Using the data below, transcribe exactly everything from the line that contains "vektor illustration av" down to the line that contains "Horaires séances du". Include both of those lines and none of the pictures.

→ Supplied records:

· · ·

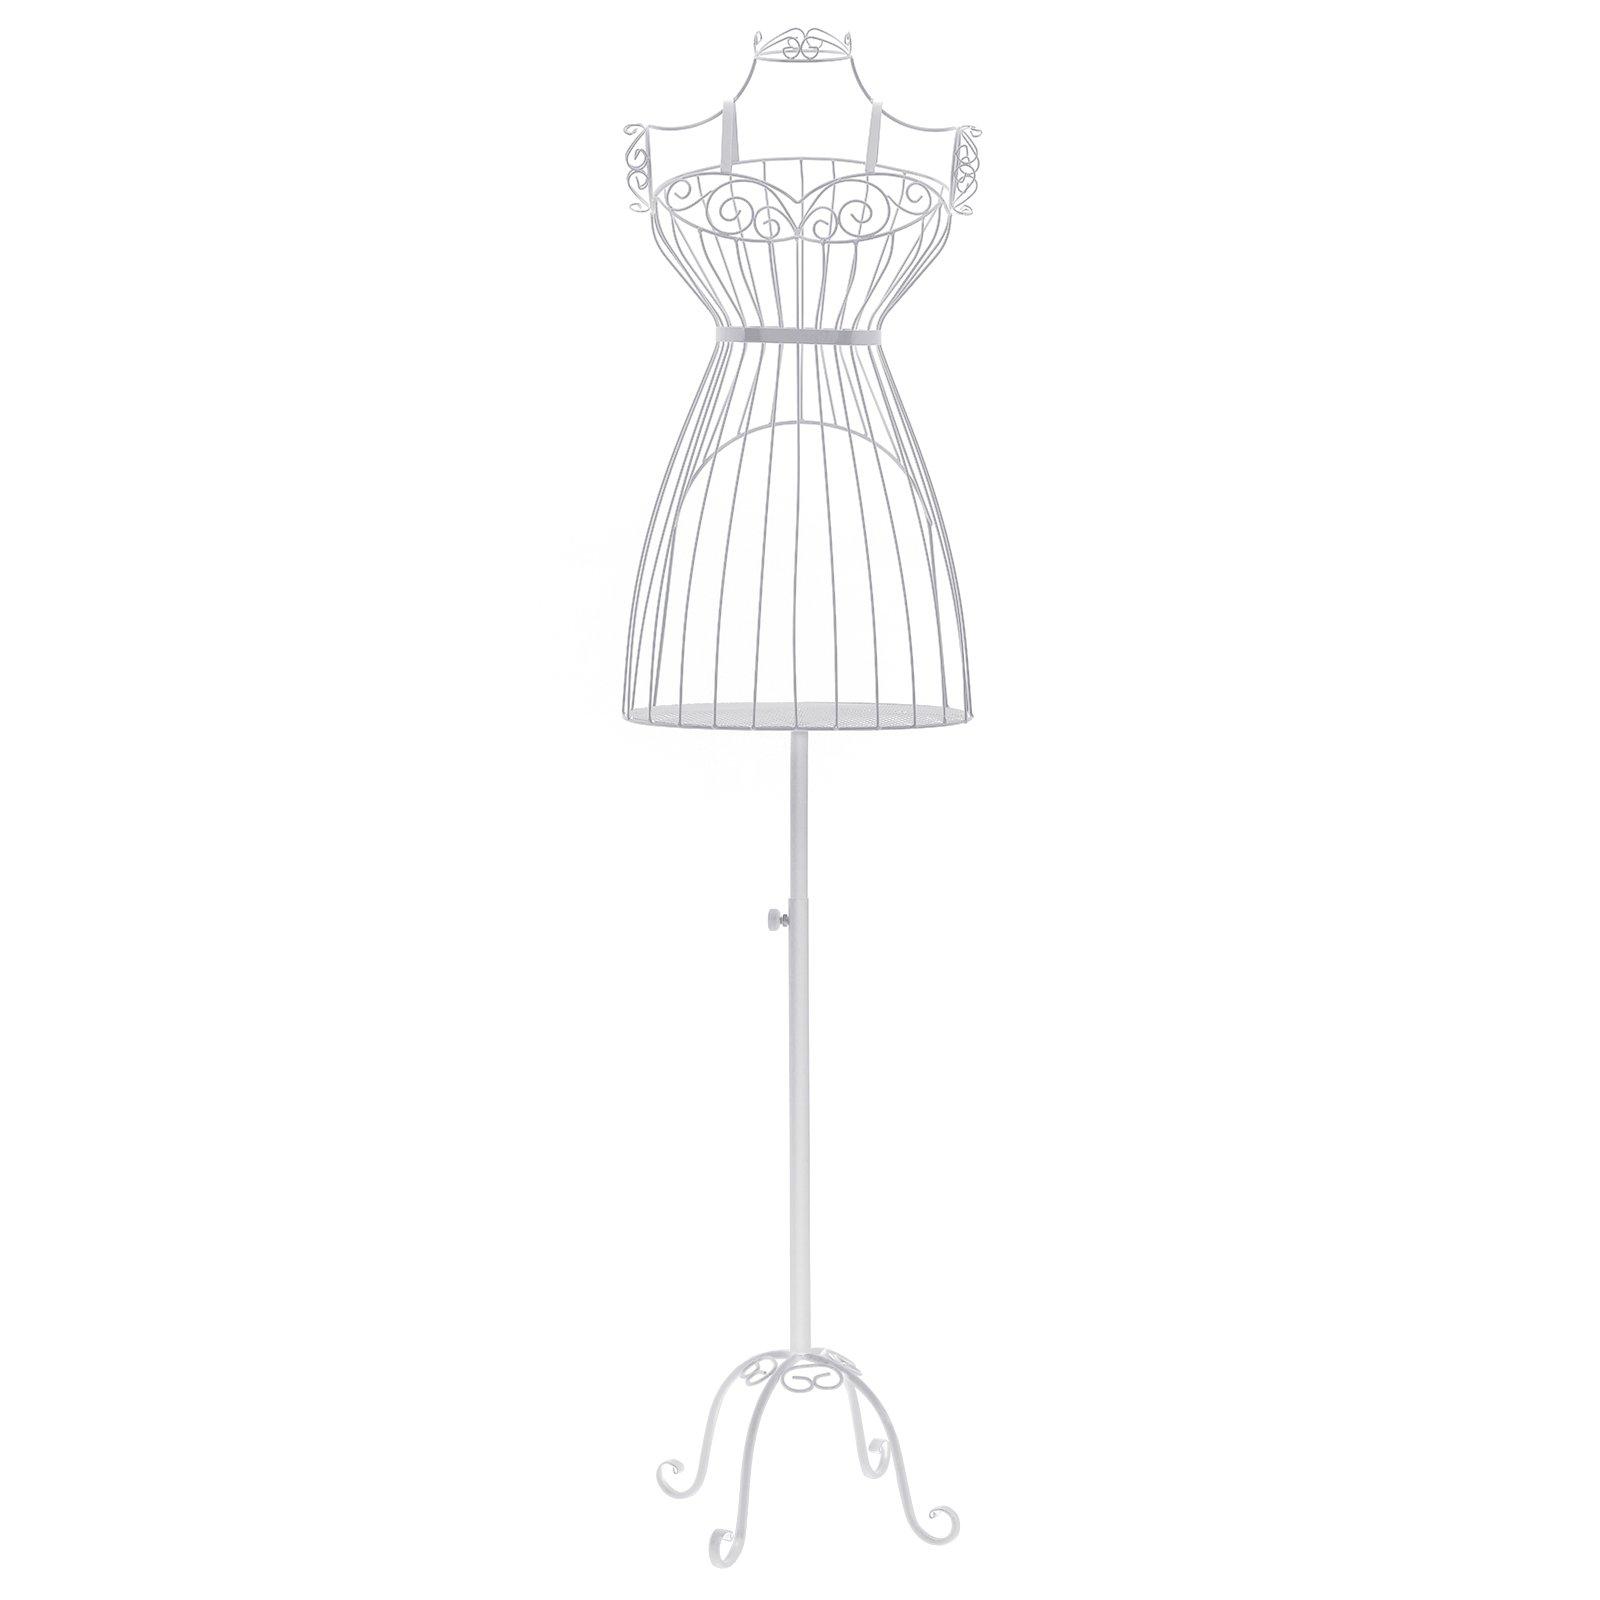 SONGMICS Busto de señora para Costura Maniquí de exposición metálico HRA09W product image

· · ·

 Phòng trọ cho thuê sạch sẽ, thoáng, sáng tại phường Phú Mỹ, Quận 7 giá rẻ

· · ·

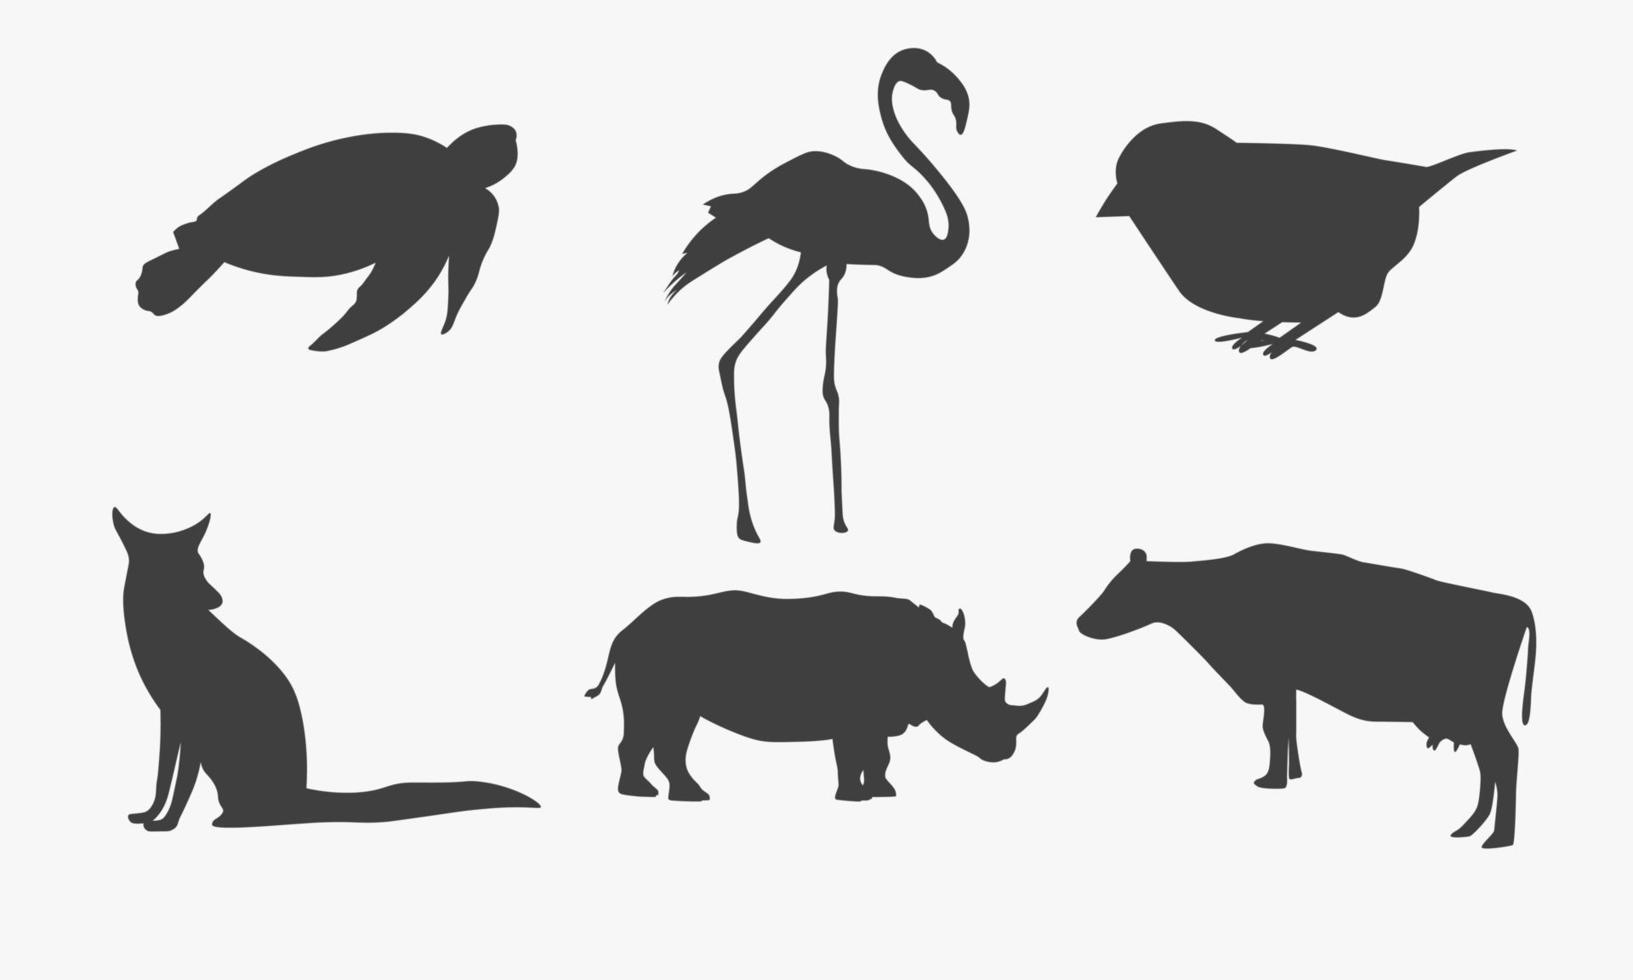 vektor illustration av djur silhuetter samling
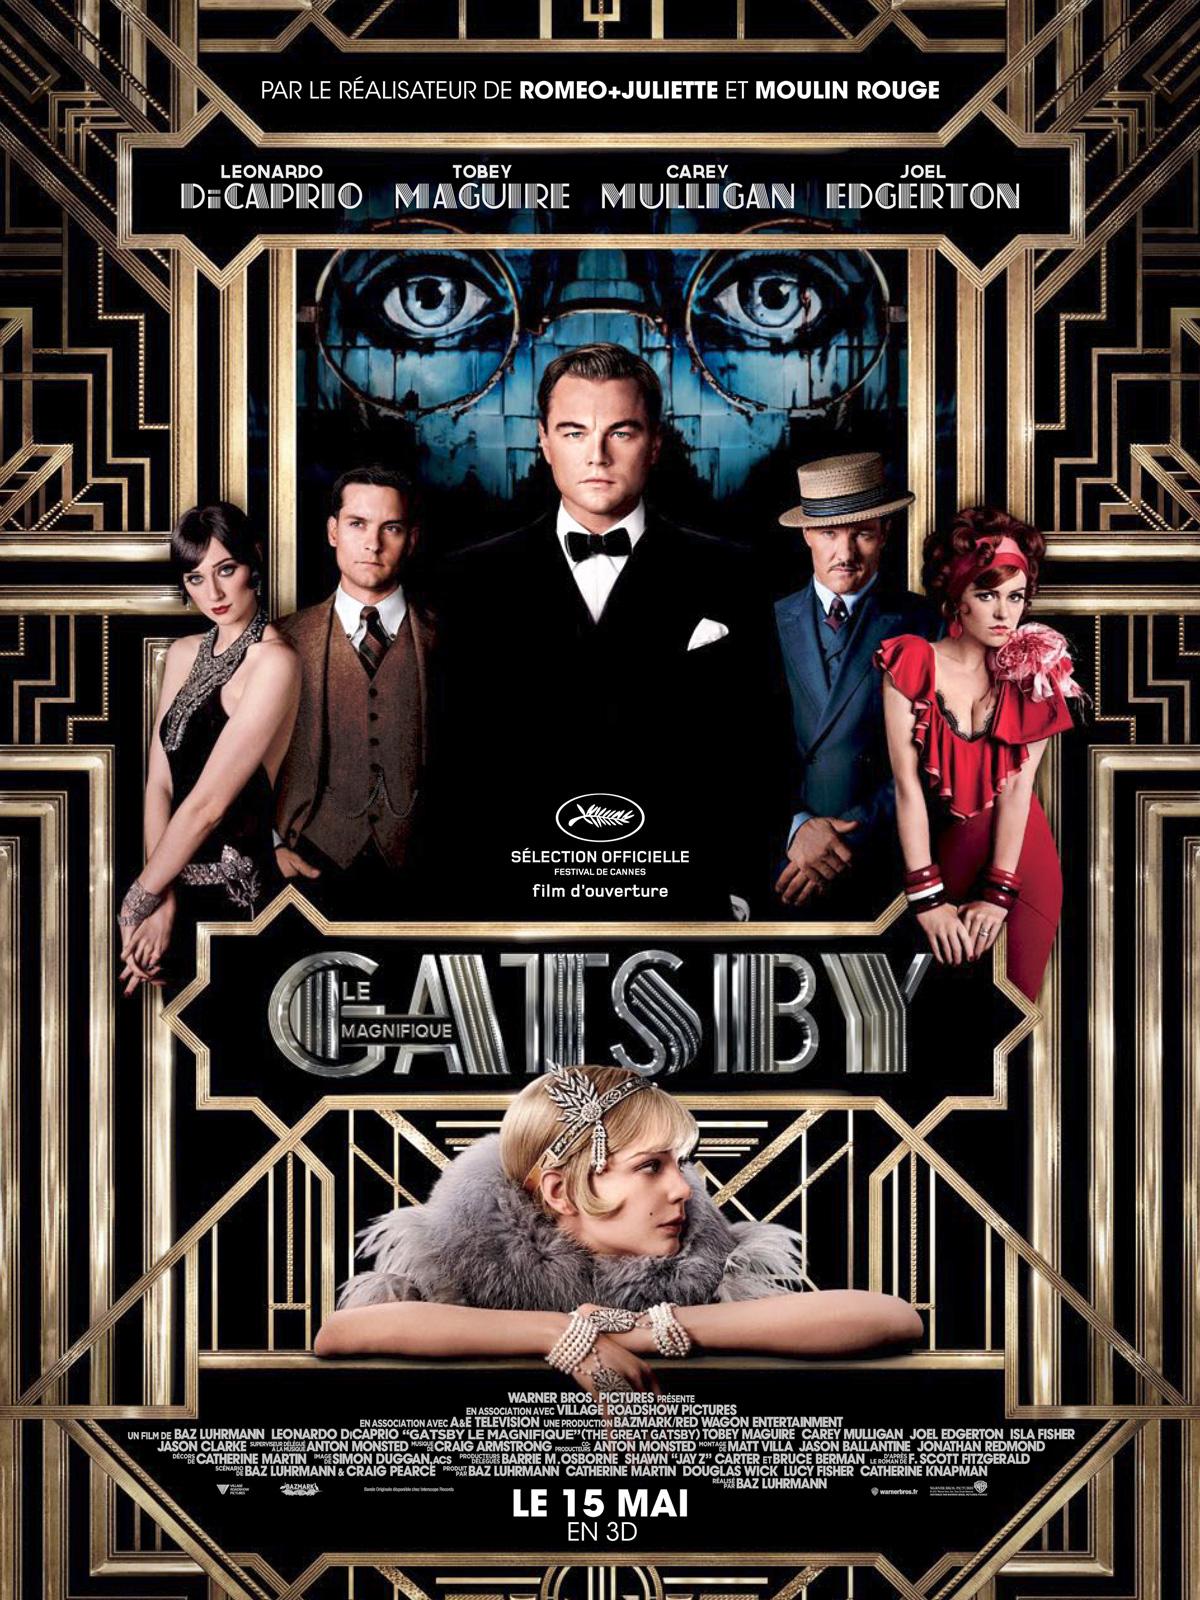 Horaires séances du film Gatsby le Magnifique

· · ·

→ Task answer:
 vektor illustration av djur silhuetter samling
 Horaires séances du film Gatsby le Magnifique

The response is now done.